Directions — Leaving the images behind, copy every line of the records exactly.

Given records START

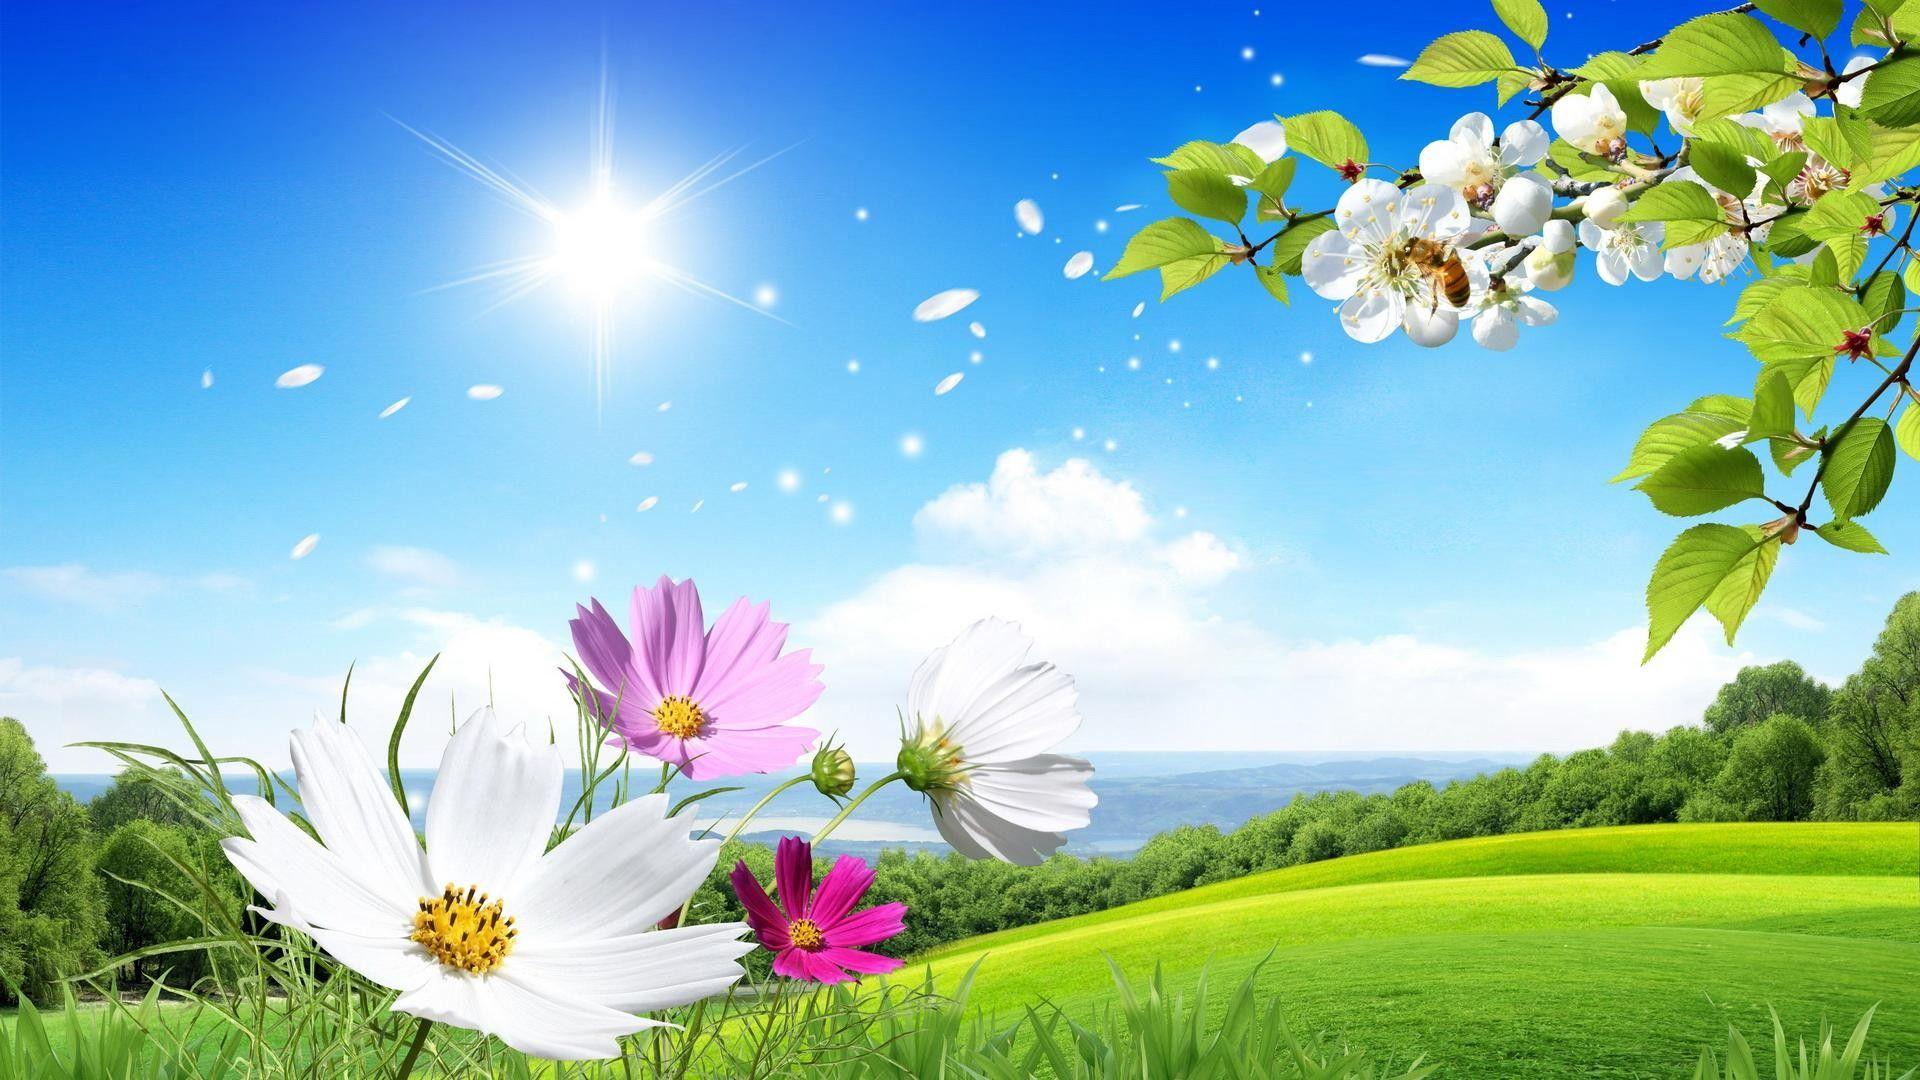 Good Morning Flowers Wallpapers Jpg 1920 1080 Beautiful Summer Wallpaper Scenery Wallpaper Beautiful Scenery Wallpaper
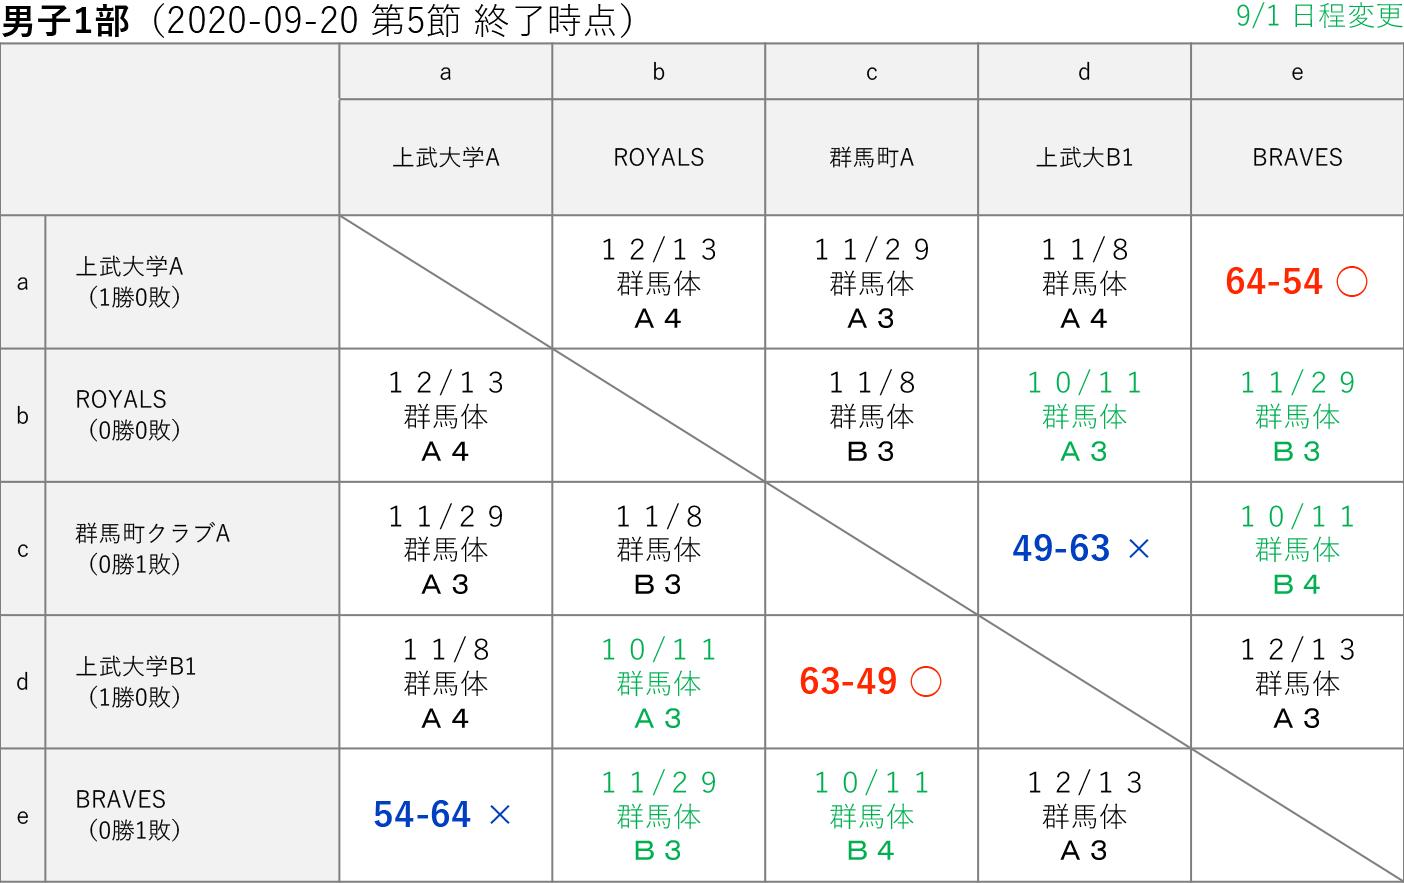 2020社会人リーグ 男子1部 星取り表 2020-09-20(第5節終了時)
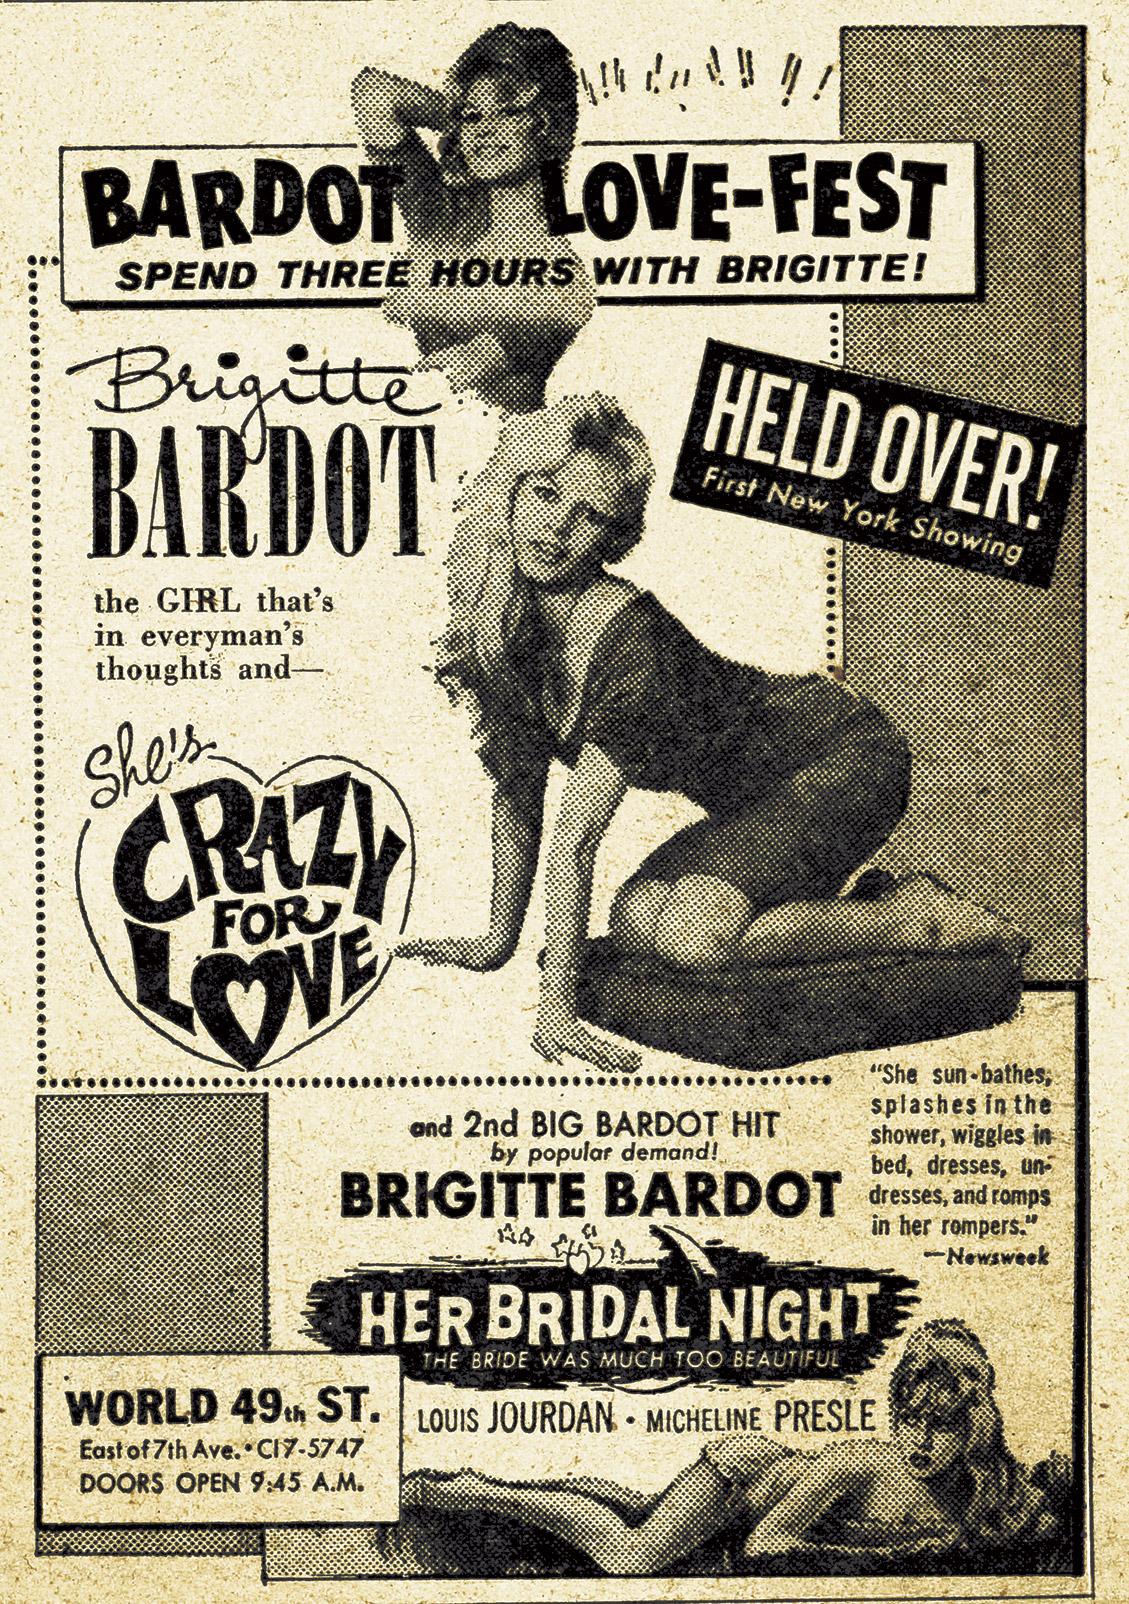 Bardot Love Fest newspaper advertisement, 1958.
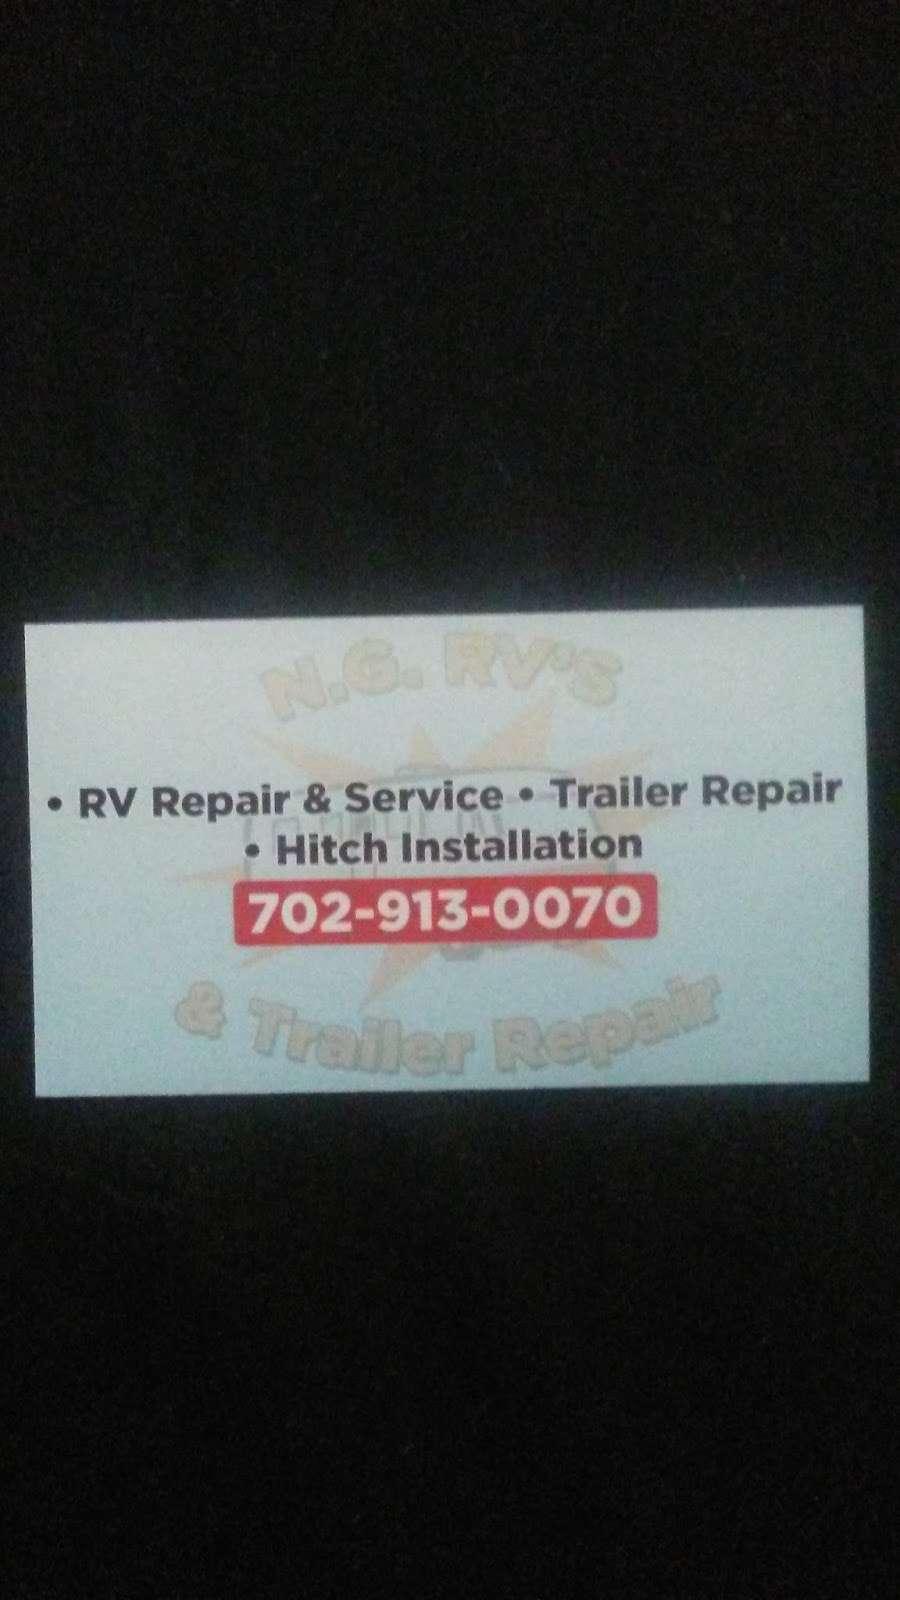 NG RV & Trailer Repair - car repair  | Photo 10 of 10 | Address: 3796 W Edward Ave, Las Vegas, NV 89108, USA | Phone: (702) 913-0070
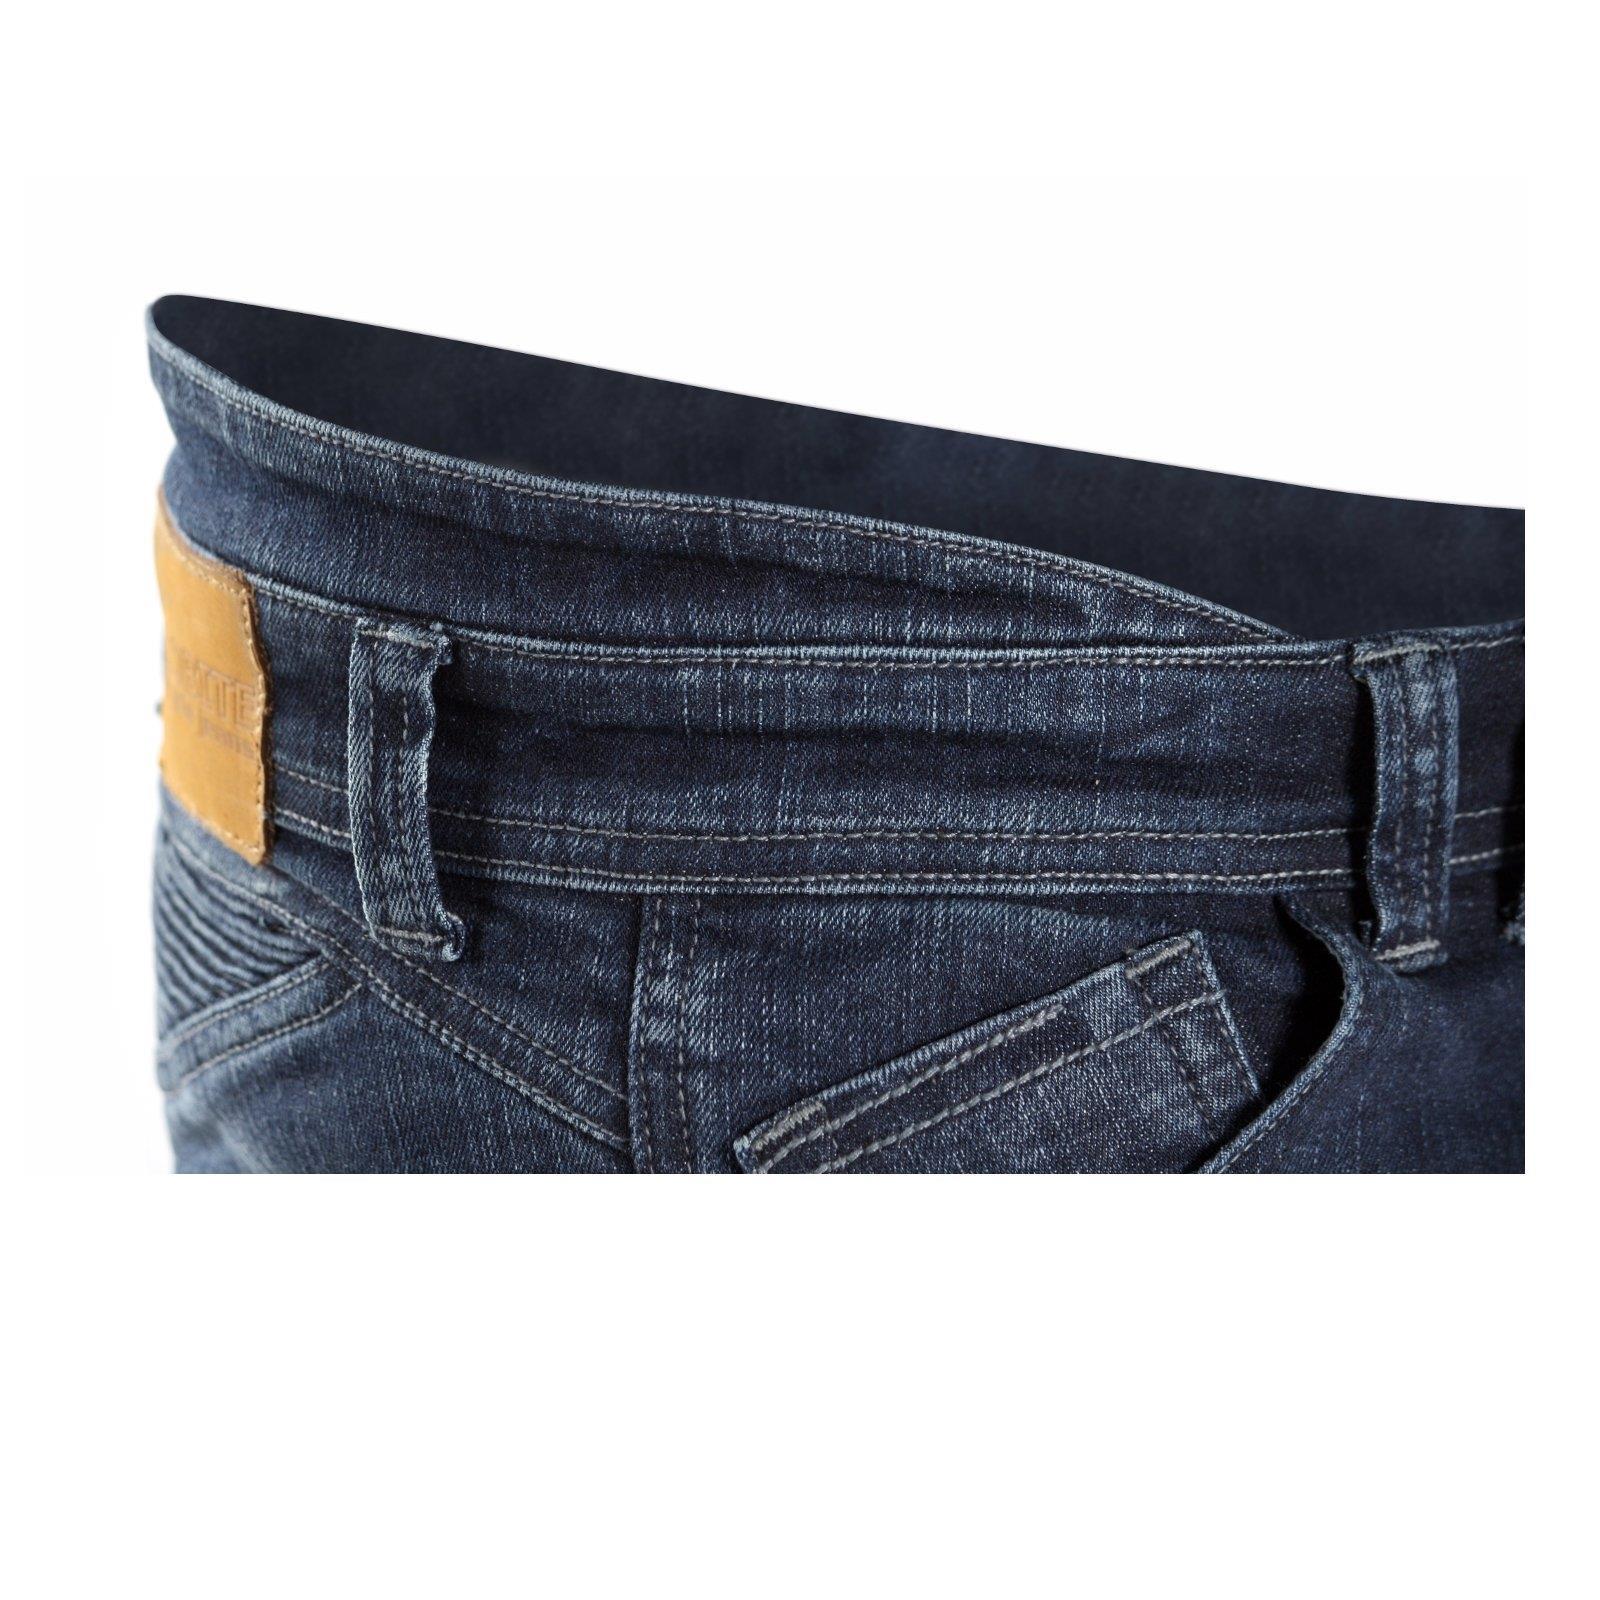 Trilobite-Pantaloni-Moto-Jeans-Abbigliamento-Parado-MICAS-URBAN-DUAL-PANTS-ACID miniatura 19

Given records END

Answer —
 Good Morning Flowers Wallpapers Jpg 1920 1080 Beautiful Summer Wallpaper Scenery Wallpaper Beautiful Scenery Wallpaper
 2020社会人リーグ 男子1部 星取り表 2020-09-20(第5節終了時)
 Bardot Love Fest newspaper advertisement, 1958.
 NG RV & Trailer Repair - car repair  | Photo 10 of 10 | Address: 3796 W Edward Ave, Las Vegas, NV 89108, USA | Phone: (702) 913-0070
 Trilobite-Pantaloni-Moto-Jeans-Abbigliamento-Parado-MICAS-URBAN-DUAL-PANTS-ACID miniatura 19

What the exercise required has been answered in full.